In 2007, the Food and Drug Administration updated the warfarin label to include information for prescribers about genotype,25 and there has been debate about the introduction of genotype-guided warfarin dosing into clinical practice.26-30 A fundamental question is whether genotyping provides information about warfarin sensitivity that is additional to that provided by the early INR response.29 This question is especially important because early INR values are routinely determined in current clinical practice, whereas genotyping before starting therapy would require extra time and cost. We therefore examined the hypothesis that VKORC1 and CYP2C9 genotypes predict warfarin sensitivity after taking into account the information provided by early INR responses.
Methods
Study design and subjects
Details of the study design and patient recruitment have been published.22 Briefly, this was a prospective, observational study conducted between 2002 and 2004 at 3 outpatient clinics (Pharmacy, Cardiology, and Arthritis and Joint Replacement Center) at Vanderbilt University Medical Center that provide anticoagulation services. The study was approved by the Vanderbilt University Institutional Review Board, and informed consent was obtained from all subjects in accordance with the Declaration of Helsinki. Consecutive patients starting warfarin were eligible if they were older than 18 years, had complete information on doses and dates of warfarin initiation, did not suffer from alcoholism, and were not receiving cancer chemotherapy. Ethnicity was determined by self-report. Because the great majority of patients were blacks or whites, we excluded patients of other ethnicities from analysis. The initial INR response is often measured on day 4 of warfarin treatment (ie, after 3 daily doses); however, in practice, a substantial fraction of patients will have their initial INR response measured on day 5 or 6 for logistic reasons.

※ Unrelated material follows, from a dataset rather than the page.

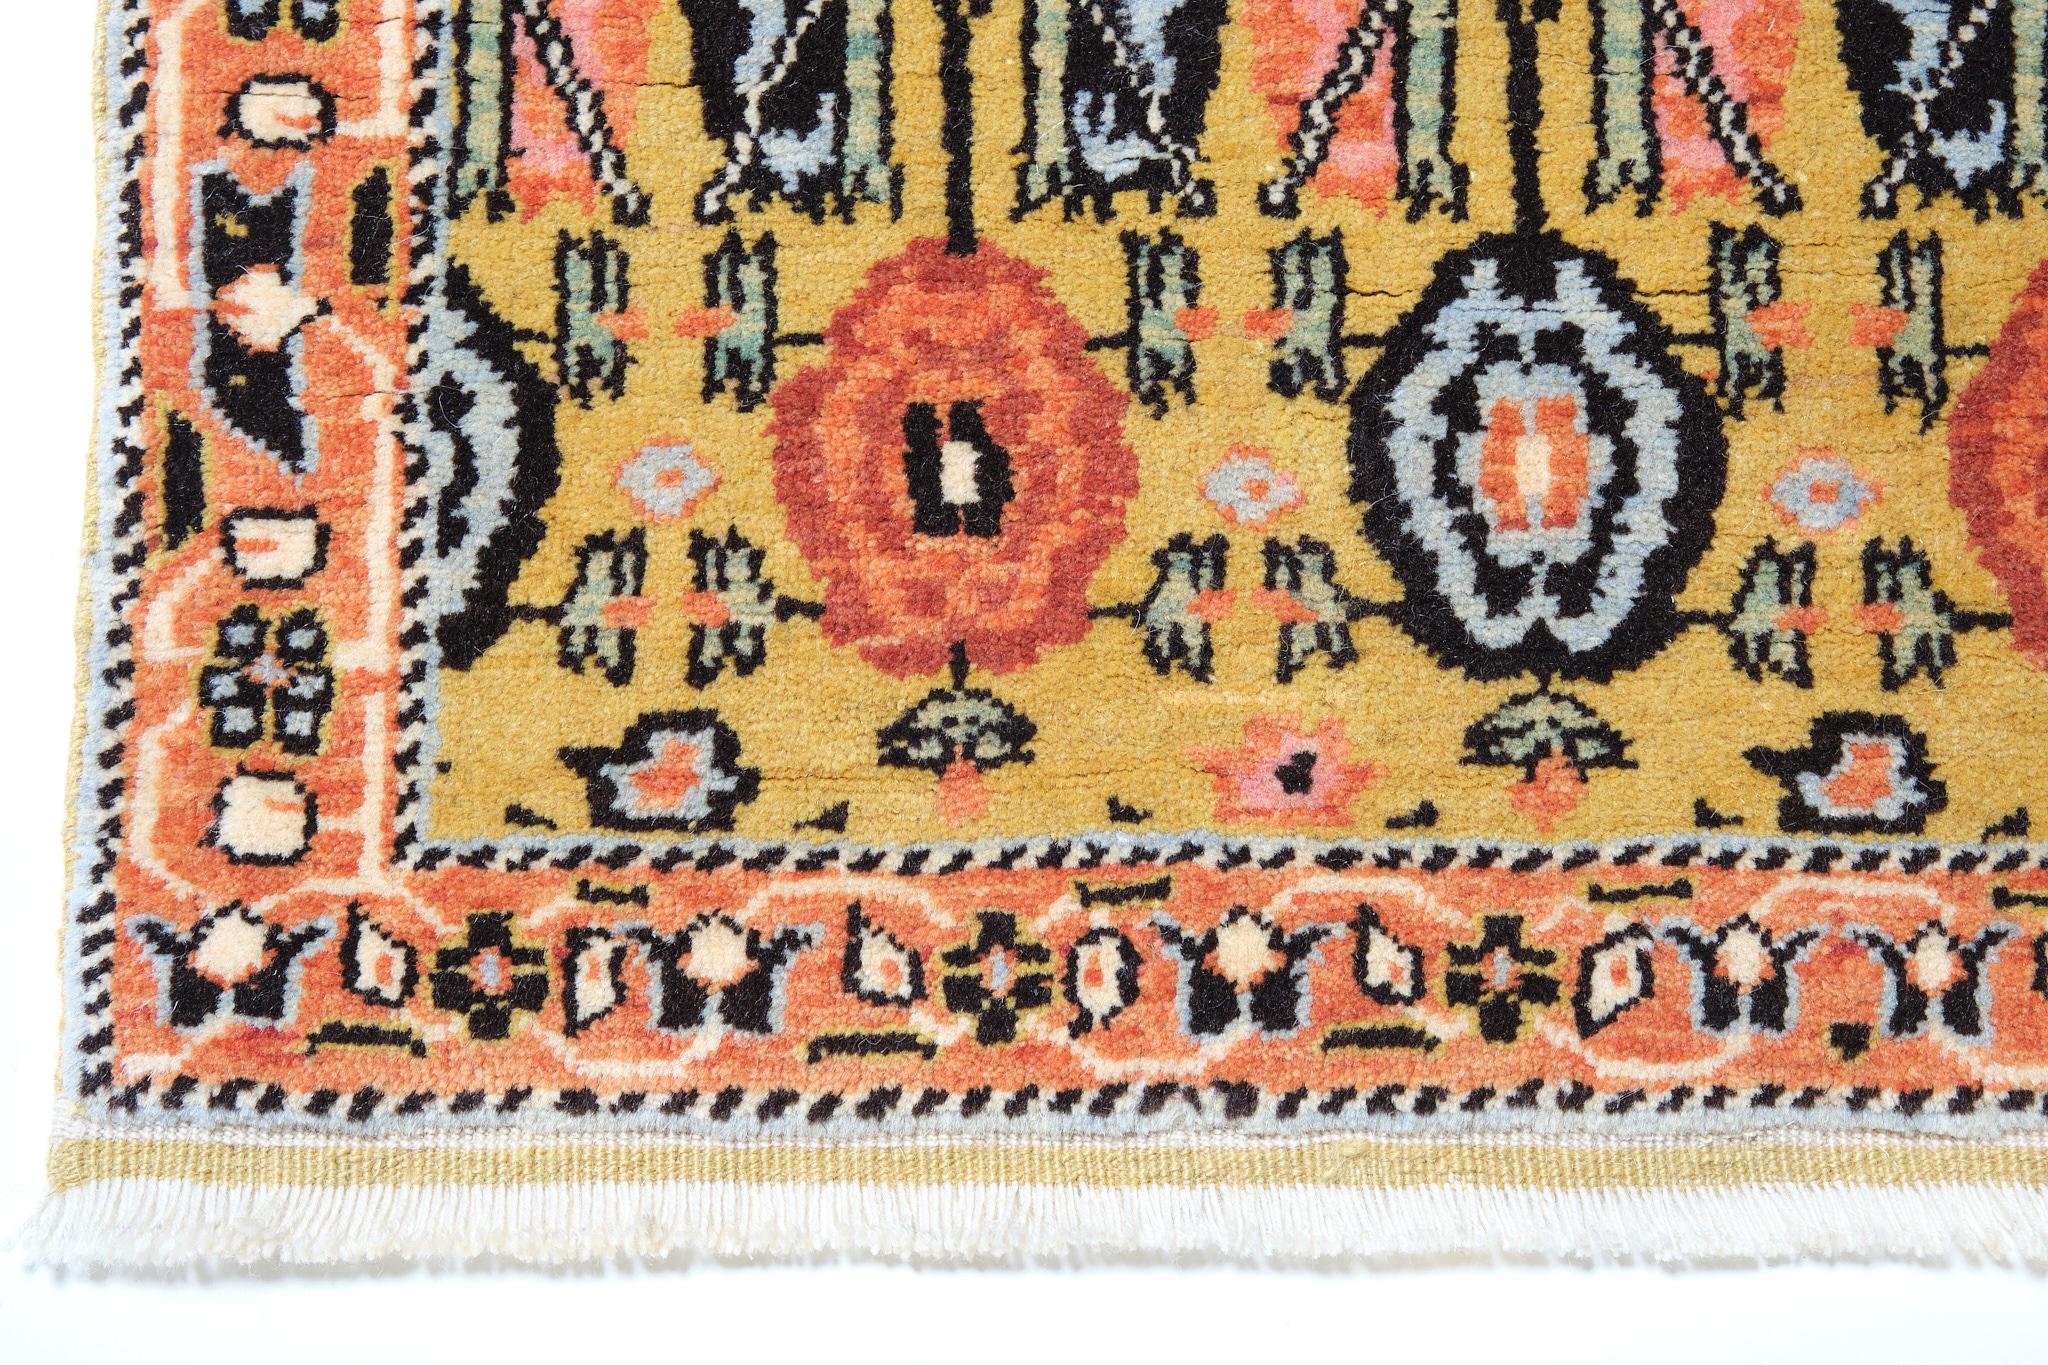 The source of the rug comes from the book Antique Rugs of Kurdistan A Historical Legacy of Woven Art, James D. Burns, 2002 nr.28. This was an exclusive example of offset rows of flowers designed 18th-century rug from Senna, Eastern Kurdistan area.
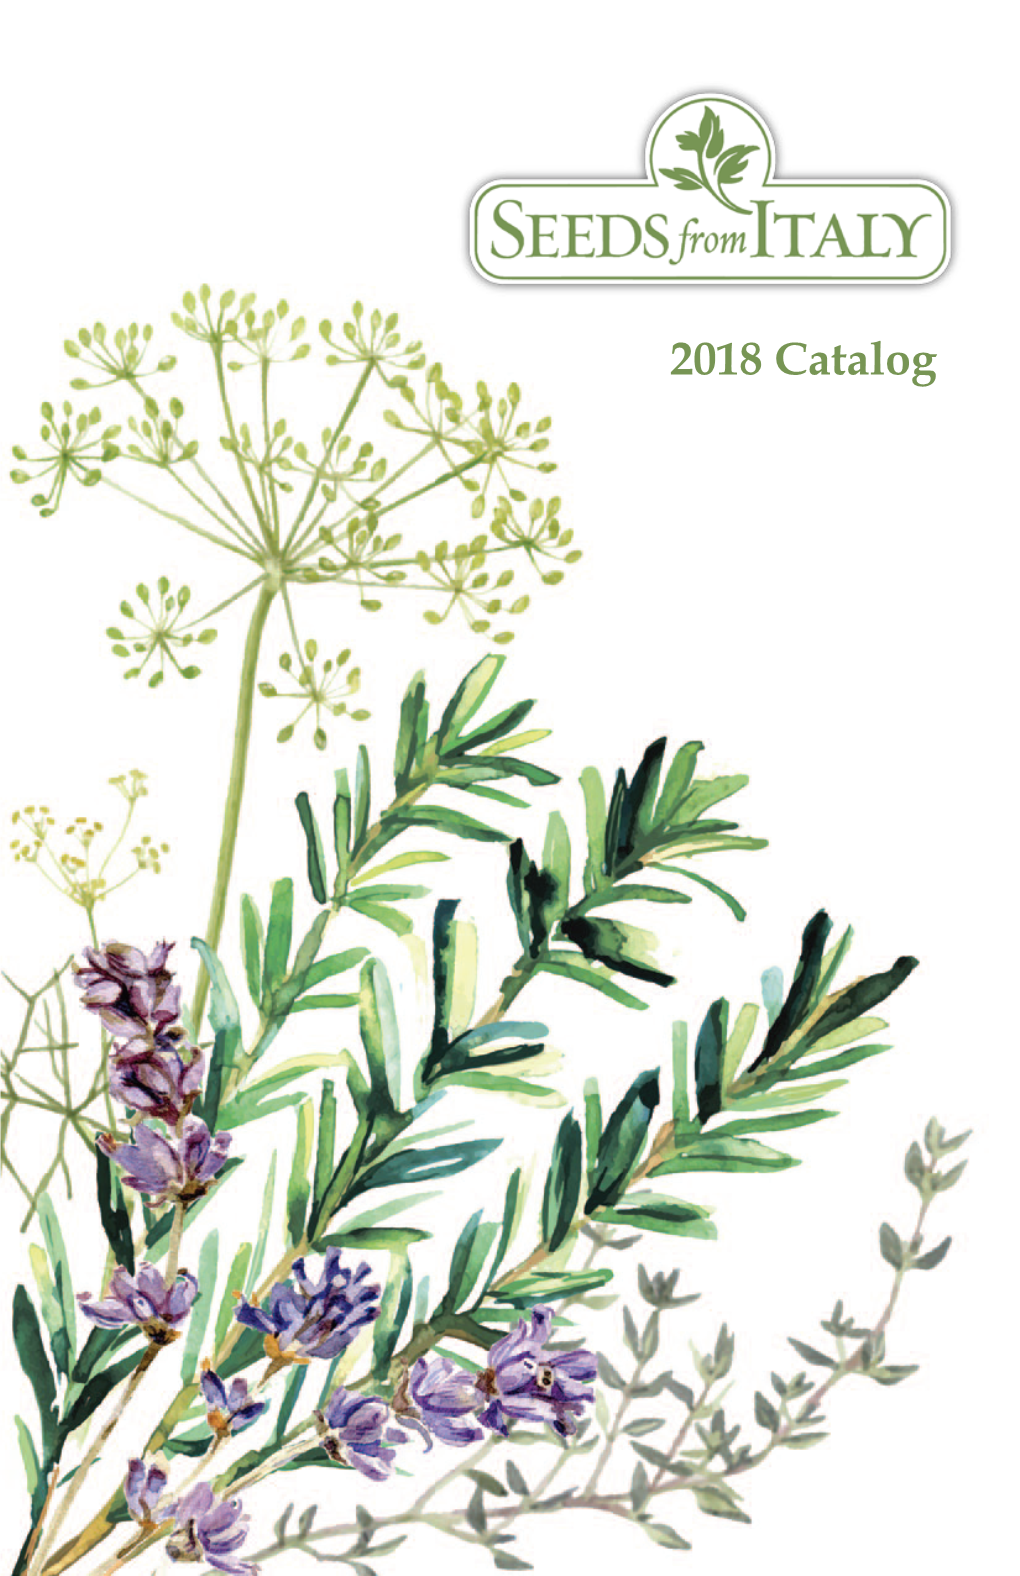 2018 Catalog Bringing You the Best Italian Seeds on the Planet Dear Italian Food Lovers, We Are Happy to Present Our 2018 Catalog for Your Garden Planning

Thus, we studied subjects who had at least one INR value determined on days 4 to 6 of warfarin treatment.
Warfarin anticoagulation
The individual target INR range, frequency of INR measurements, and warfarin dosing were determined by the treating physicians who were unaware of CYP2C9 or VKORC1 genotypes during the whole treatment period.
Data collection and follow-up
Demographic characteristics (age, sex, ethnicity) and details of medical history (concomitant diseases and medications) and warfarin therapy (indication, start date, range of therapeutic INR, initial and subsequent doses, and INR values) were obtained through patient interviews and a review of electronic medical records by a trained study nurse. A venous blood sample was drawn for DNA extraction. Information on warfarin dose and INR measurements was collected from the initiation of warfarin until the end of continuous follow-up, defined as date of the last record for an INR and warfarin dose, provided that previous records were available at intervals less than 60 days.
Genotyping
CYP2C9 *2 and *3 alleles were determined by a fluorescent allele-specific oligonucleotide ligation assay.22 VKORC1 genotyping for the variants G-1639A (rs17878363), T497G (rs17882154), C1173T (rs9934438), G1542C (rs17886369), C2255T (rs2359612) was performed by TaqMan SNP assays with the 7900HT Sequence Detection System (Applied Biosystems, Foster City, CA).
Outcomes
To assess the contribution of genotypes and early INR values to the early phase of anticoagulation, we assessed the following outcomes: (1) time to INR more than or equal to the lower limit of the therapeutic range; (2) time to first INR greater than 4.0; and (3) first stable warfarin dose, defined as the first unchanged daily dose given for more than or equal to 7 consecutive days that yielded an INR value within the therapeutic range.24
Data analysis and statistics
For the VKORC1, group A haplotype was assigned by using the statistical software PowerMarker (J. Liu, North Carolina State University, Raleigh, NC; http://statgen.ncsu.edu/powermarker) based on the 5 variants as described.22 All other haplotypes, which in white Americans belong almost entirely to haplotype group B, were termed haplotype non-A. For the analysis, VKORC1 genotype was coded as numbers of copies (0-2) of haplotype A, and CYP2C9 genotypes were coded as number of variant alleles (0-2) assuming additive allele effects.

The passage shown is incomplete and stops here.